Geothermal power set for new commercial beginning in Taiwan

Taiwan will start producing geothermal power on a commercial scale for the first time in nearly 30 years on Nov. 23 when an Yilan County facility begins operations.

The 4.2 megawatt (MW) Cingshuei Geothermal Power Plant, the first privately built geothermal power plant in Taiwan, is ready to launch commercial operations after being granted a commercial license last month, county authorities said Tuesday.

Speaking with CNA, Lin Kun-wei (???), a section chief with the county's Business and Tourism Department, said the geothermal power plant will be able to generate 3,150 kilowatts per hour, which can meet the demand of 10,000 small-sized households.

The number of households is equal to the combined households in Datong Township, where the power plant is located, and the neighboring Sanxing Township, according to the county government.

The power will be channeled and sold to state-run utility Taiwan Power Co.

Describing the project as a milestone in Taiwan's renewable energy development, Lin said the power plant is co-owned by Fabulous Power Co. and Taiwan Cogeneration Corp. and was developed by Yi Yuan Co.

Construction began in 2016 with an initial investment of NT$765 million (US$27.52 million), and the power plant was completed in September before securing a license from the Bureau of Energy on Oct. 27.

Key equipment used in the plant has been imported from Nevada-based geothermal energy technology supplier Ormat Technologies Inc., local media reported recently.
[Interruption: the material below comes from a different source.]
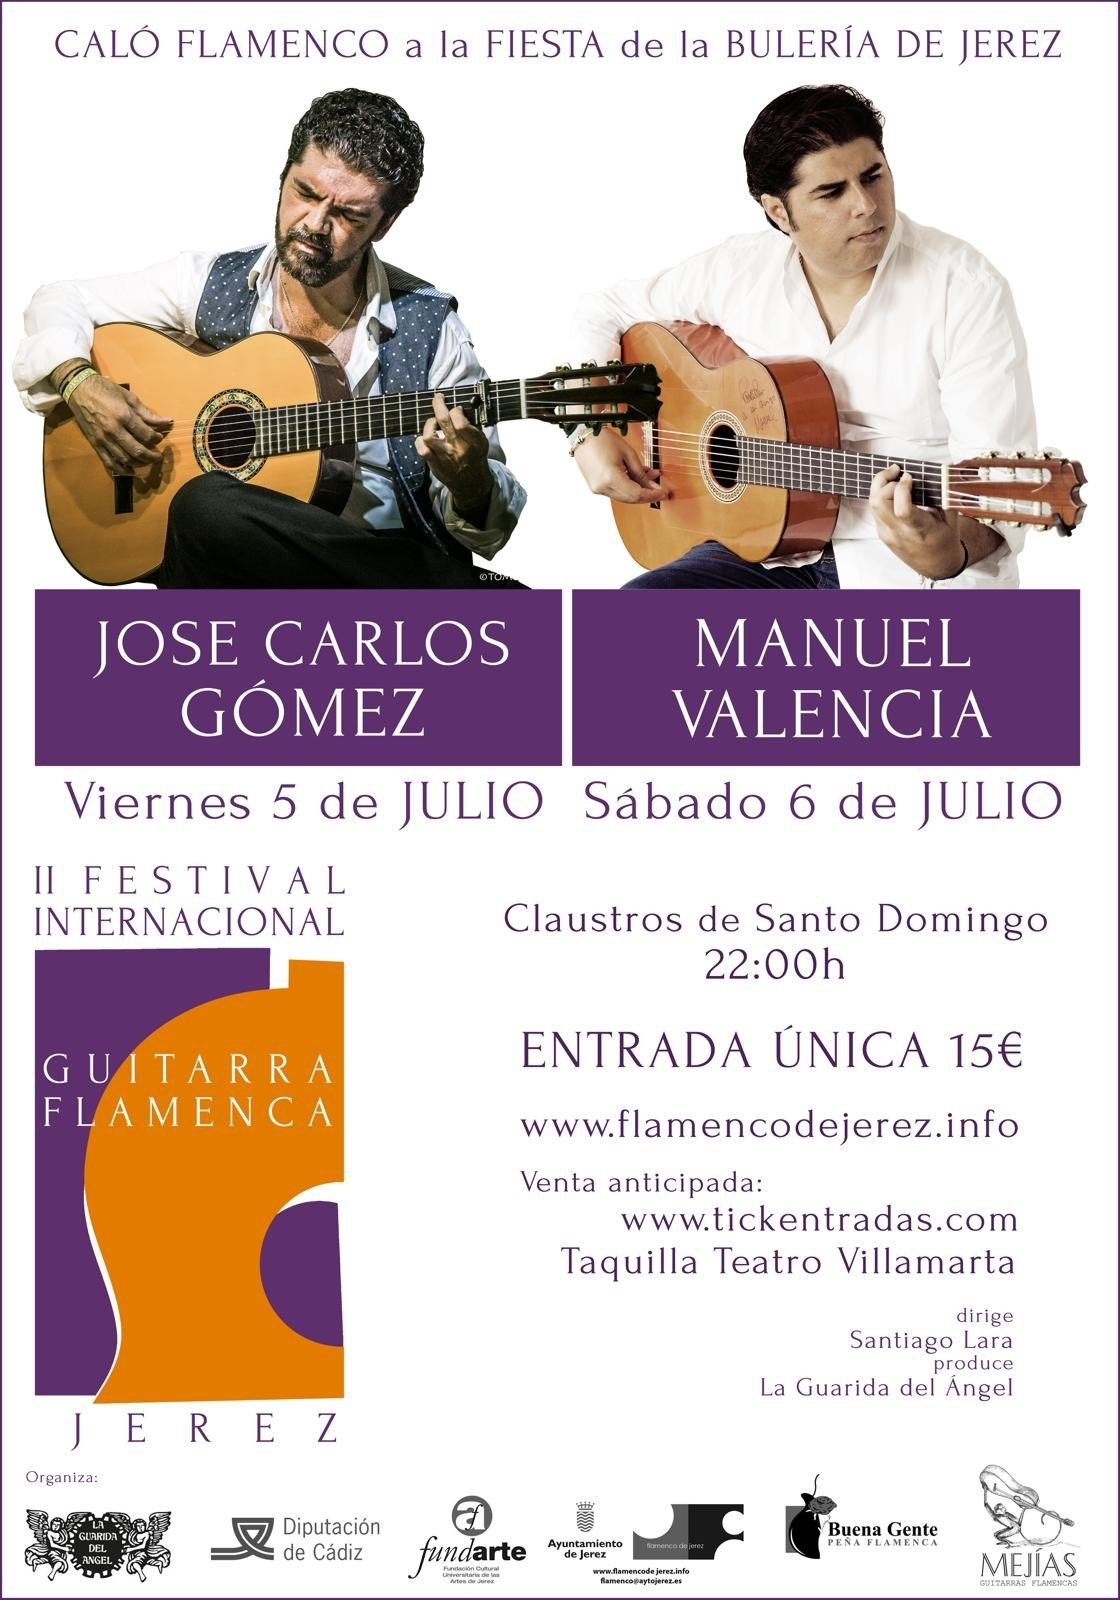 Festival Internacional de Guitarra Flamenca

The power plant has been built in the same location where its predecessor, operated by Taipower, was closed in 1993 due to the blockage of water ducts from the accumulation of substances in the water, and the land had sat idle until work on the new plant began.
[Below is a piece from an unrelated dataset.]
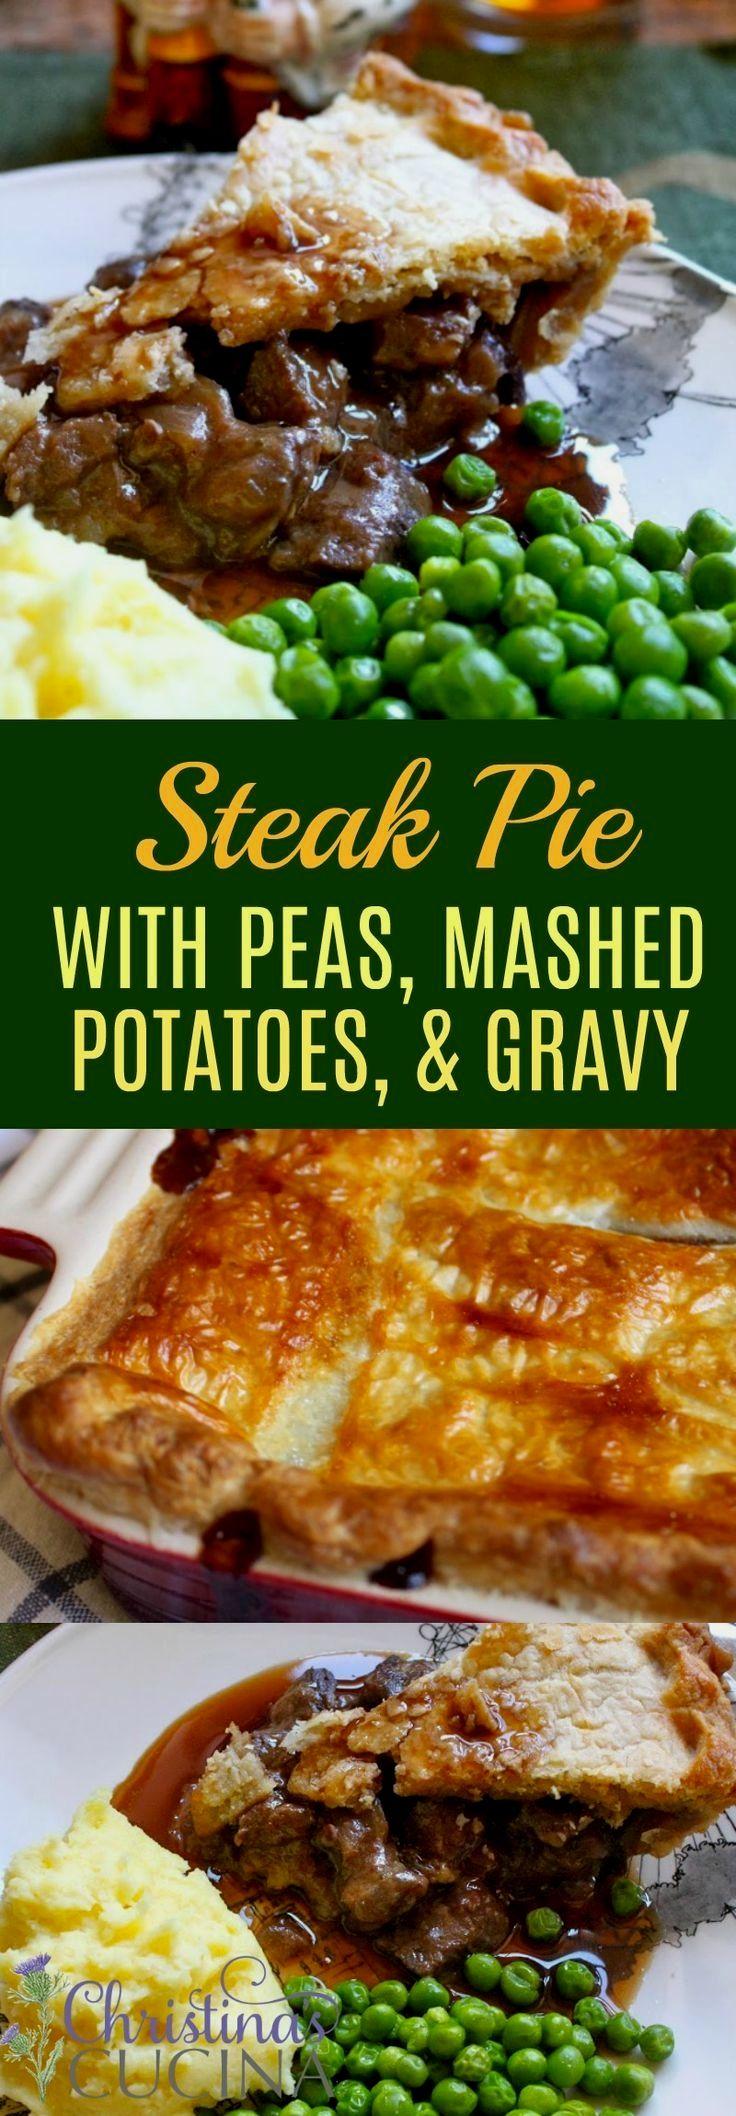 Steak pie, Meat pie recipe, Beef recipes

Yilan County is well known for its hot springs and has been considered the best location in Taiwan for developing geothermal energy.
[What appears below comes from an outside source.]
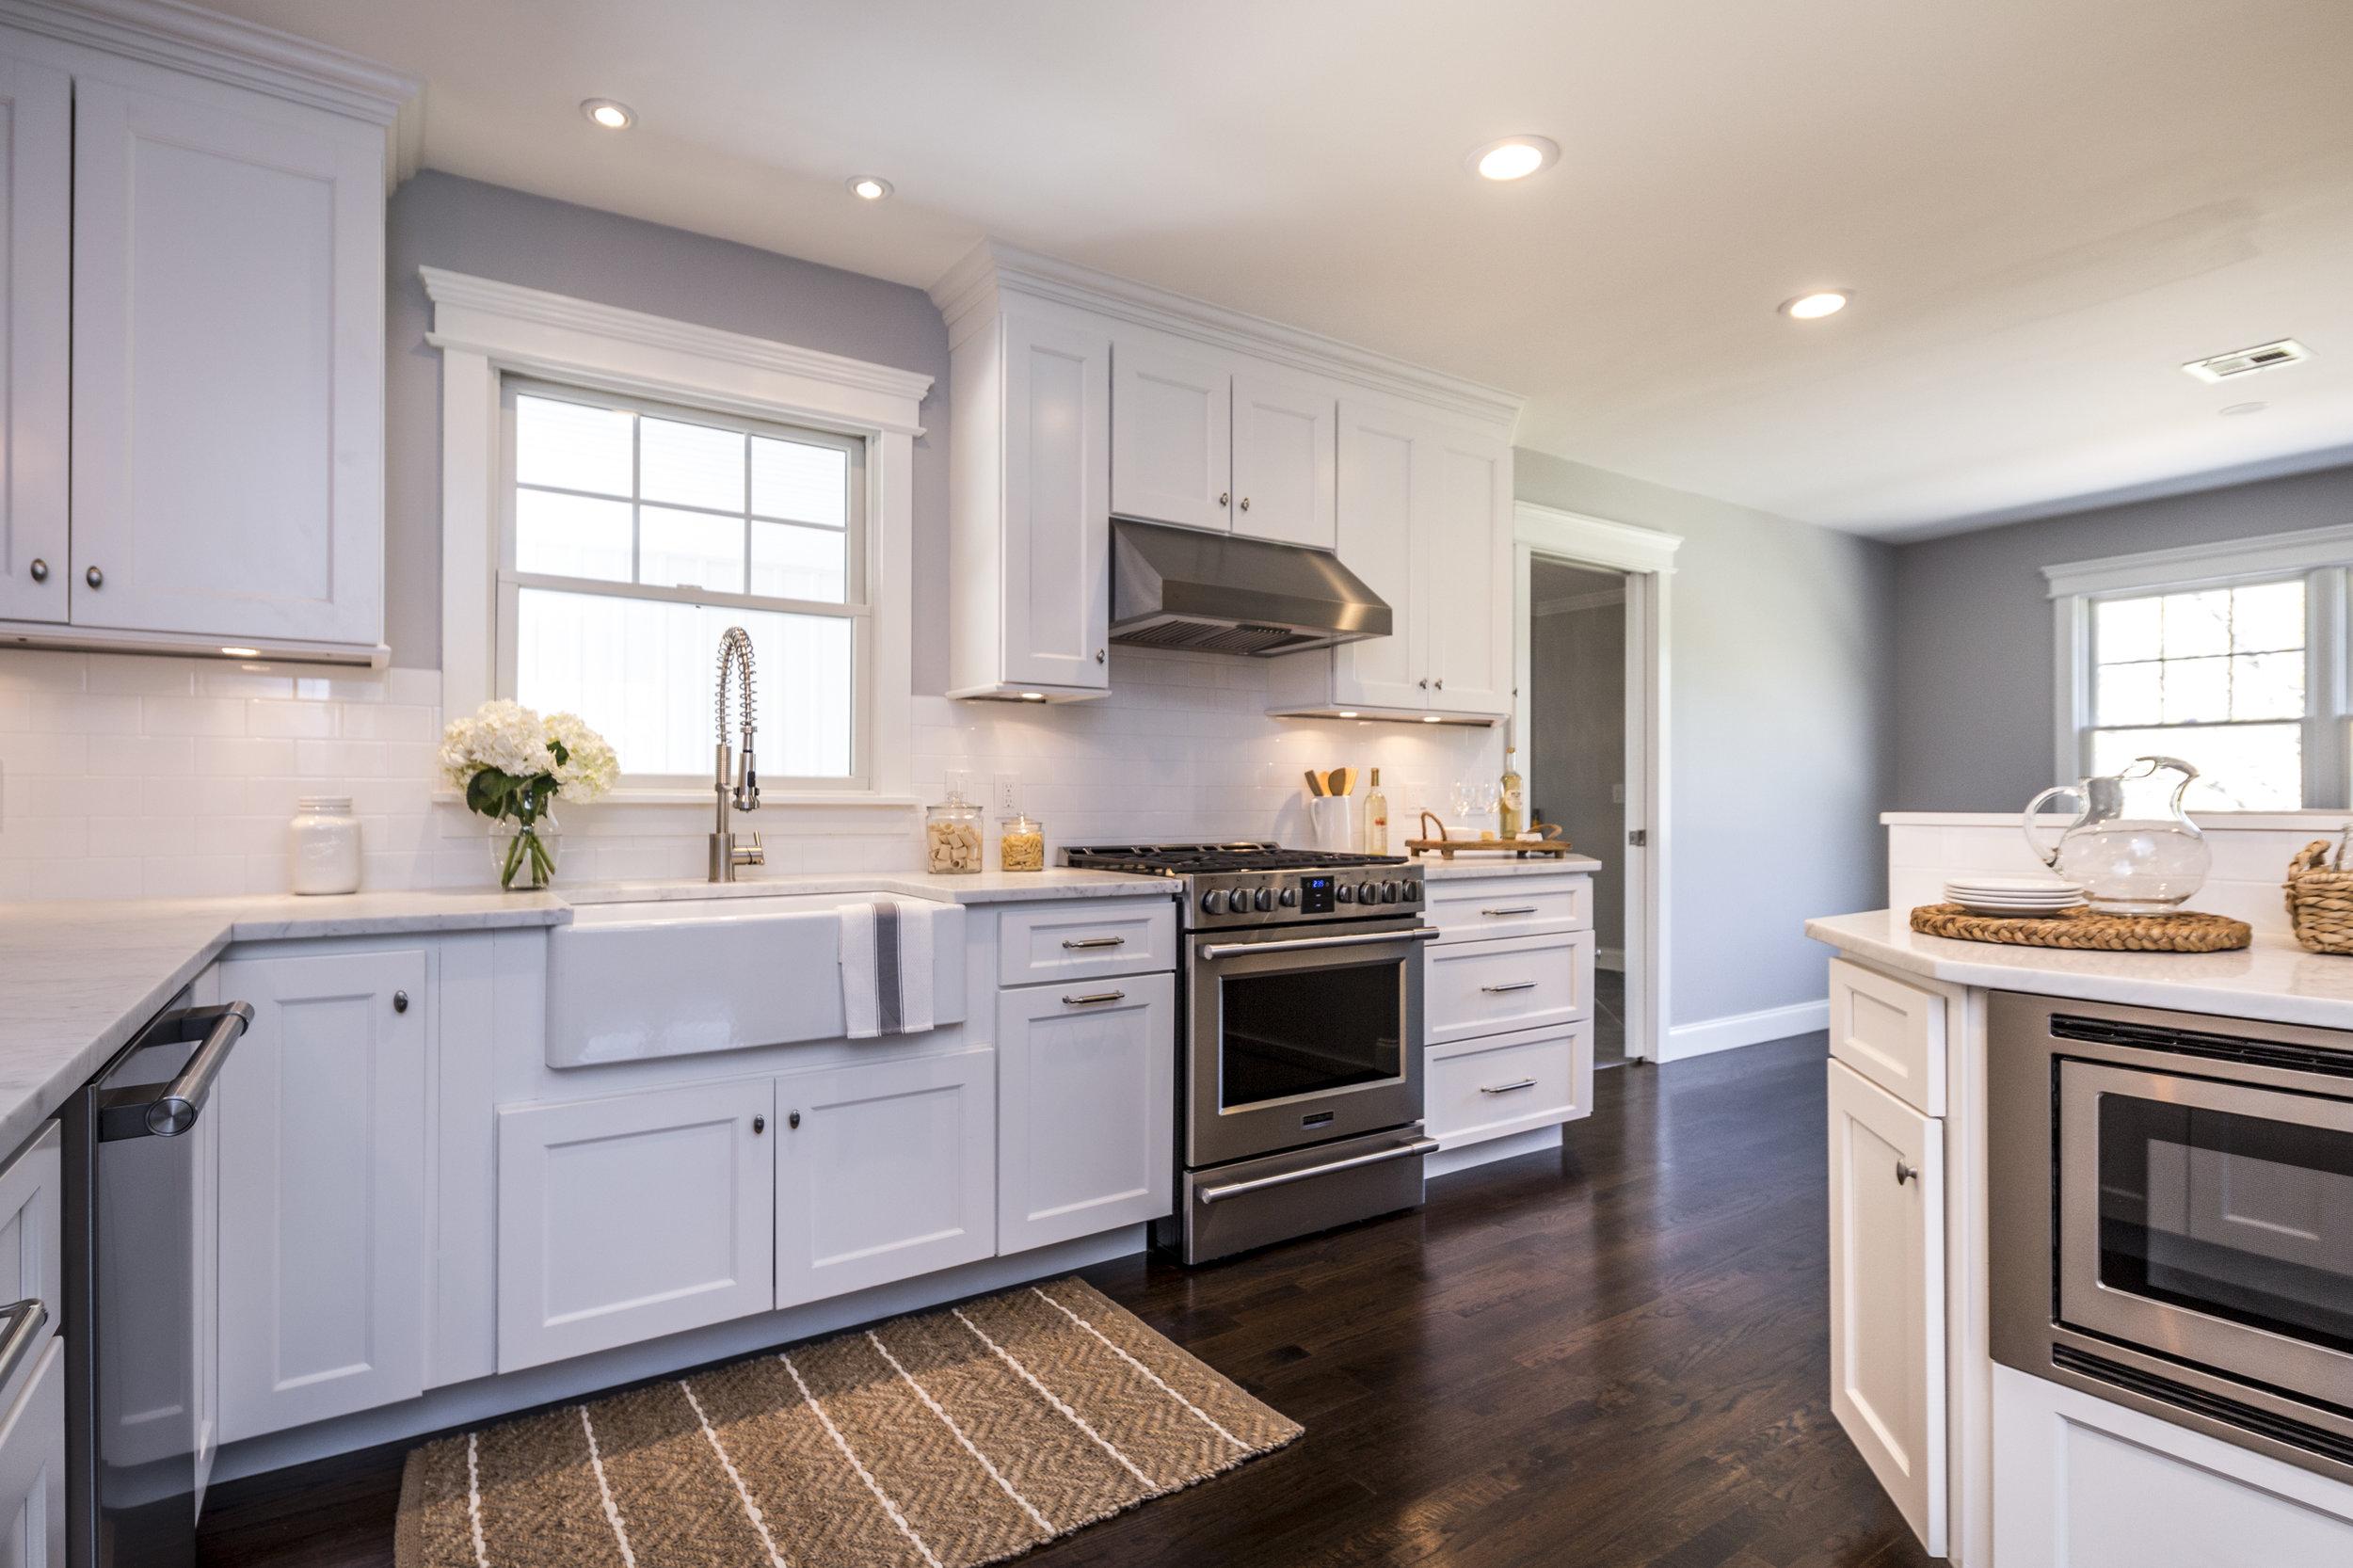 Renovation Jd Home Designs

According to the county government, the new power plant will extract water of about 180 degrees Celsius from 1,200 meters to 2,100 meters underground and then run it through a heat exchanger to generate power.

The used hot water will be pumped back into the ground so that it can be used again.

The developer of the new power plant was granted the right to run the plant for 20 years, and Yilan County will receive about NT$2 million a year for the rights to develop the site from the power producer.